# F300 Omega Battery



## ETCHY (Aug 3, 2004)

Hello

Can the make of a battery drastically affect how a watch performs even if it's the same size & voltage ?

I have an Omega F300 Geneve chronometer, that i've had for a few years now. When it needed a new battery about 18 months after I first got it I had a jeweller put a new battery in (don't know what make it was) it then ran ok but gained a bit.

The next time it needed one I bought the tools & fitted a 344 myself (Energizer I think), it then seemed to gain quite a lot (I don't wear it much so I wasn't too bothered).

18 months later I've put a new battery in, as the other had expired.
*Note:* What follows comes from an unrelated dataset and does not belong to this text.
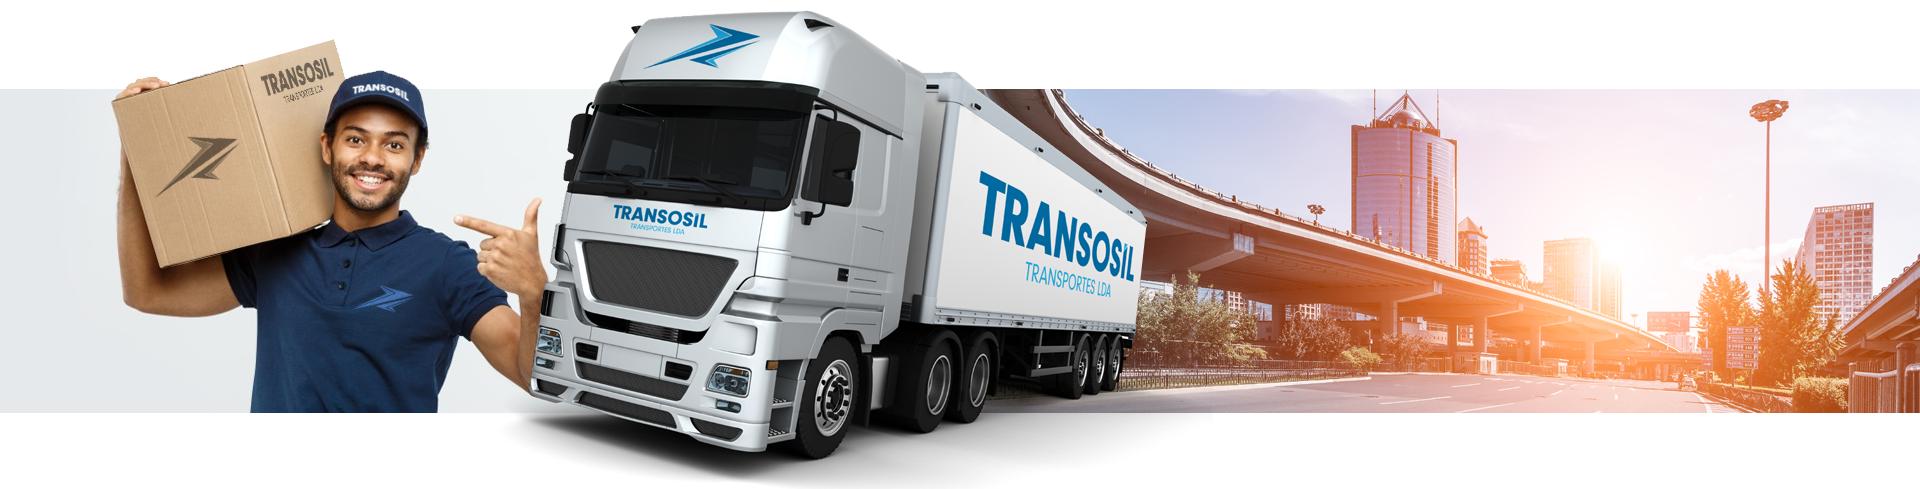 Transosil_Site_Wix_Empresa_Slide01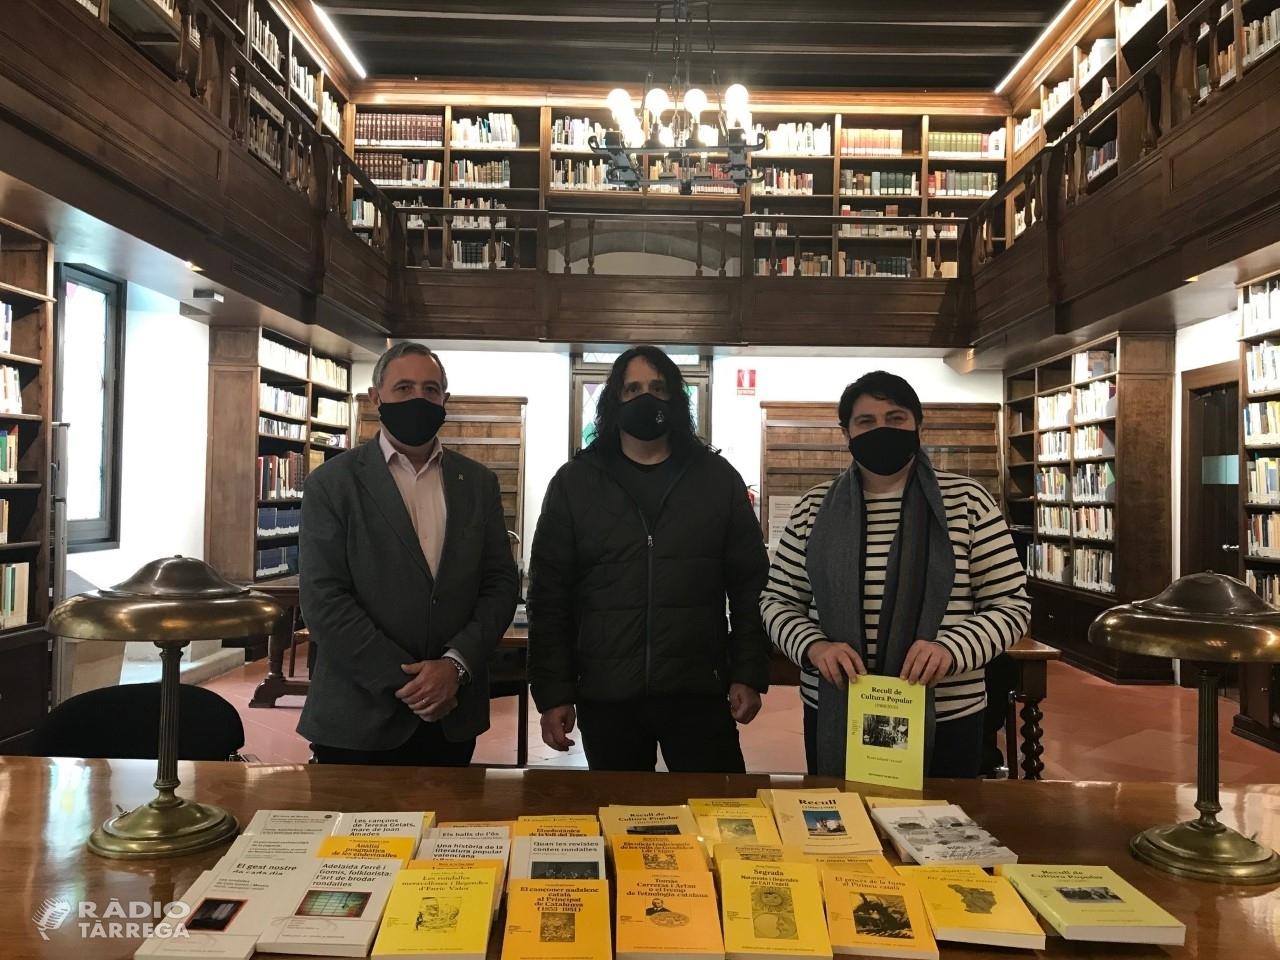 L'IEI rep la donació de tots els volums publicats fins al moment dels Premis Valeri Serra de Cultura Popular

I've now fitted a Renata 344 & it's working brilliantly & keeping fantastic time 

Can 344 type batteries really vary that much, or is this just a fluke ?

Cheers

Dave


----------



## Zessa (Apr 9, 2008)

Yup...Paul (Silver Hawk) is probably the best one to answer this but the 344 Renata is the only one I put in mine.

I think I remember him saying that 344 does not mean the same for all manufacturers which could mean that the voltage / amperage that the battery puts out can vary (not to mention the physical dimensions of them)

Cheers,

Mike


----------



## Agent orange (Feb 11, 2006)

Renata are the only brand I put in my watches, never had any issues with them.

Not sure about the voltage / amps thing, far too technical for me. I would have thought, in theory at least, all 344's would be exactly the same but I guess I must be wrong, usually am!

Cheers,

Gary


----------



## Silver Hawk (Dec 2, 2003)

ETCHY said:


> Can 344 type batteries really vary that much, or is this just a fluke ?


I think its a fluke Dave...



Zessa said:


> Yup...Paul (Silver Hawk) is probably the best one to answer this but the 344 Renata is the only one I put in mine.
> 
> I think I remember him saying that 344 does not mean the same for all manufacturers which could mean that the voltage / amperage that the battery puts out can vary (not to mention the physical dimensions of them)
> 
> ...


I hope I didn't say that Mike. What I do know is that the *shape* of the 301 is not quite the same between the various manufacturers. But the 301 is a bit of an odd shaped battery anyway --- Renata 301 fit fine in Hamilton electrics but Energizer 301 do not.

There are Low Drain and High Drain batteries but they're all 1.5 volts...and I also use 344 Renatas in my F300s...


----------



## ETCHY (Aug 3, 2004)

Oh well at least it's a happy fluke :lol:

I reckon i'll stick with the Renata's though.

Thanks for the advice & comments guys

Dave


----------



## KEITHT (Dec 2, 2007)

As battery's are cheap mass produced items, the failure rate can be quite high, even in the better brands..also they have a limited shelf life...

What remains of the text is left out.